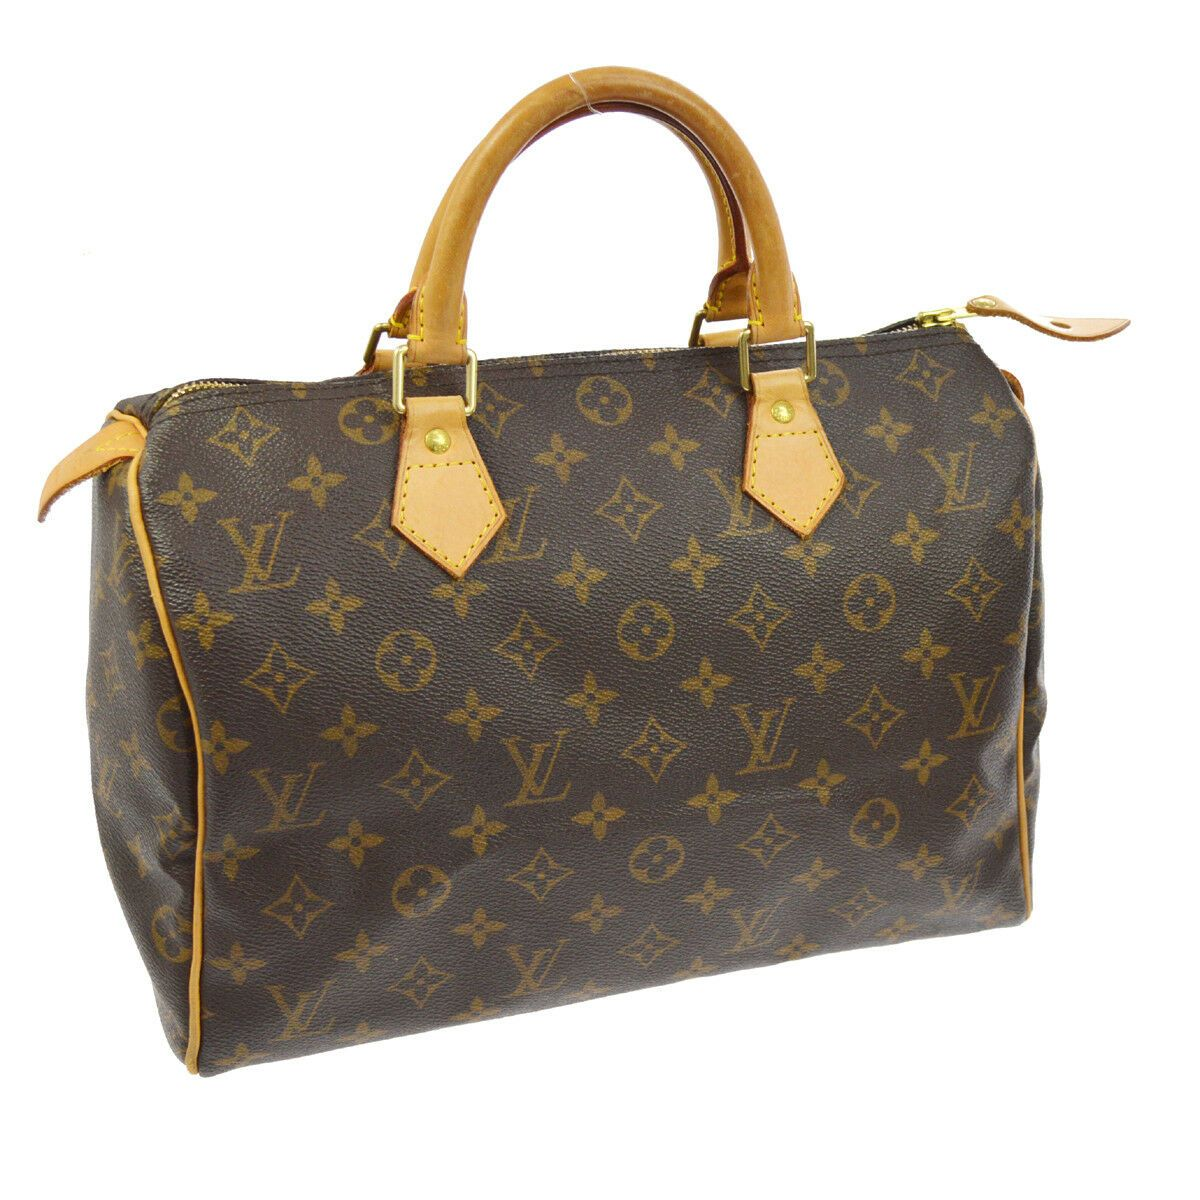 AUTHENTIC LOUIS VUITTON SPEEDY 30 HAND BAG MONOGRAM CANVAS PURSE M41526 A41308g - Ideas of
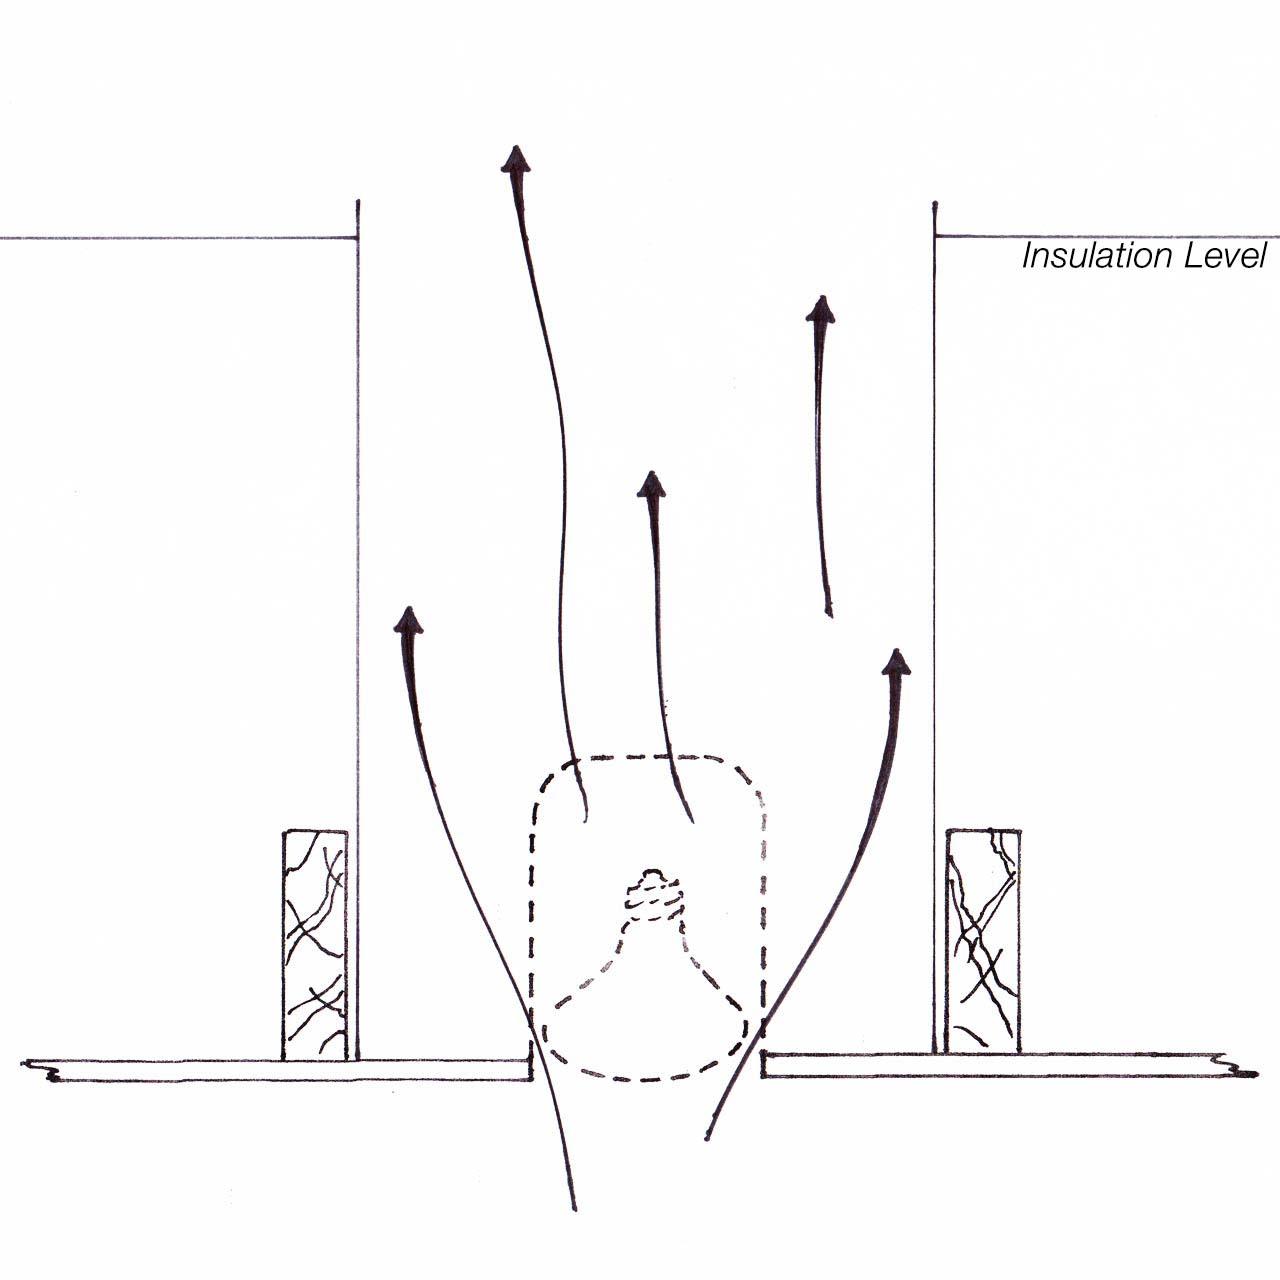 hole-in-insulation-dynamics.jpg
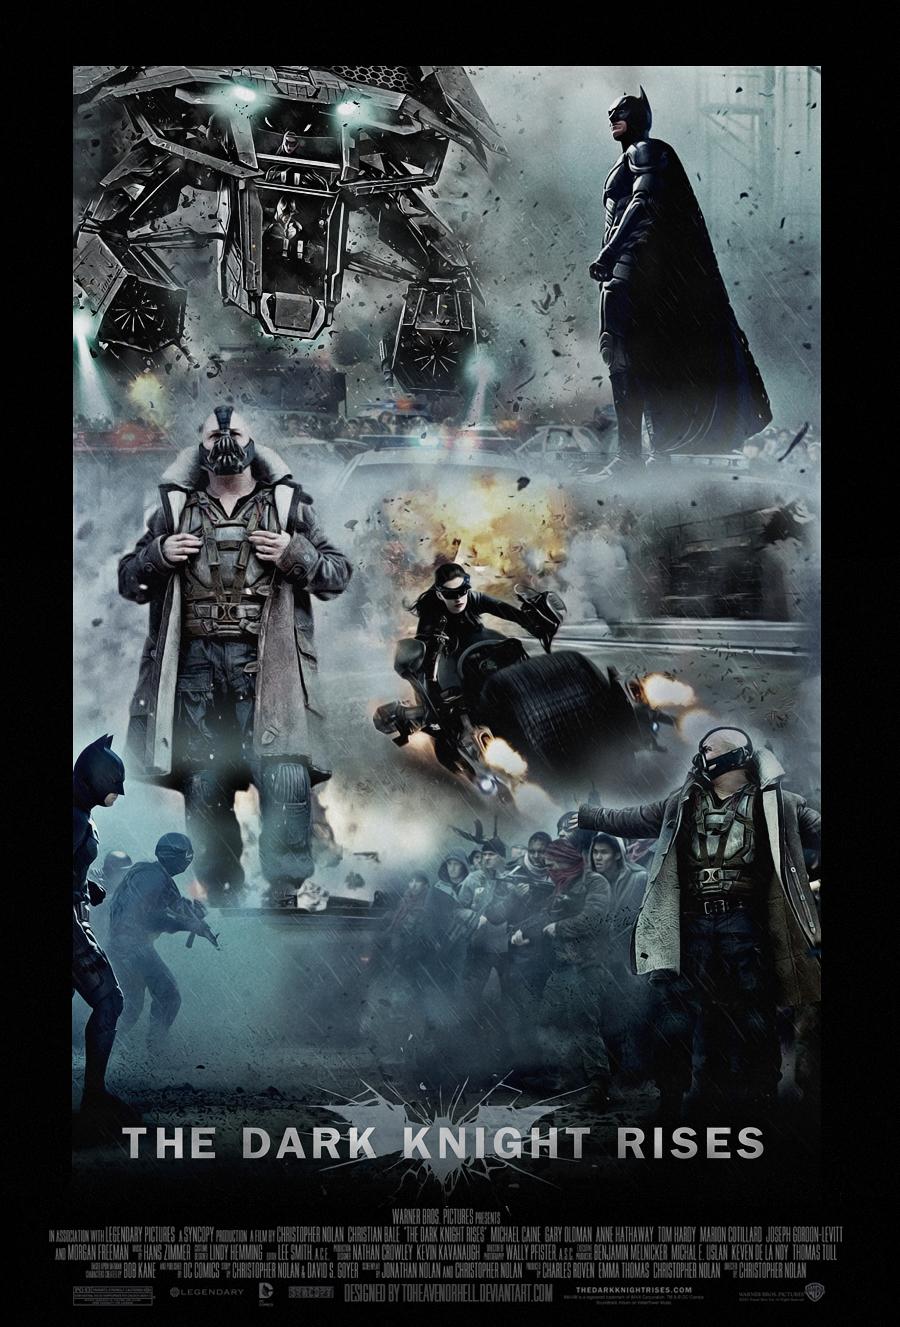 The Dark Knight Rises Movie Poster by ToHeavenOrHell

+ + + + + + +

To do
Your answer must be an exact copy of the data above, minus its pictures.

Result for this task
 AUTHENTIC LOUIS VUITTON SPEEDY 30 HAND BAG MONOGRAM CANVAS PURSE M41526 A41308g - Ideas of
 hole-in-insulation-dynamics.jpg
 The Dark Knight Rises Movie Poster by ToHeavenOrHell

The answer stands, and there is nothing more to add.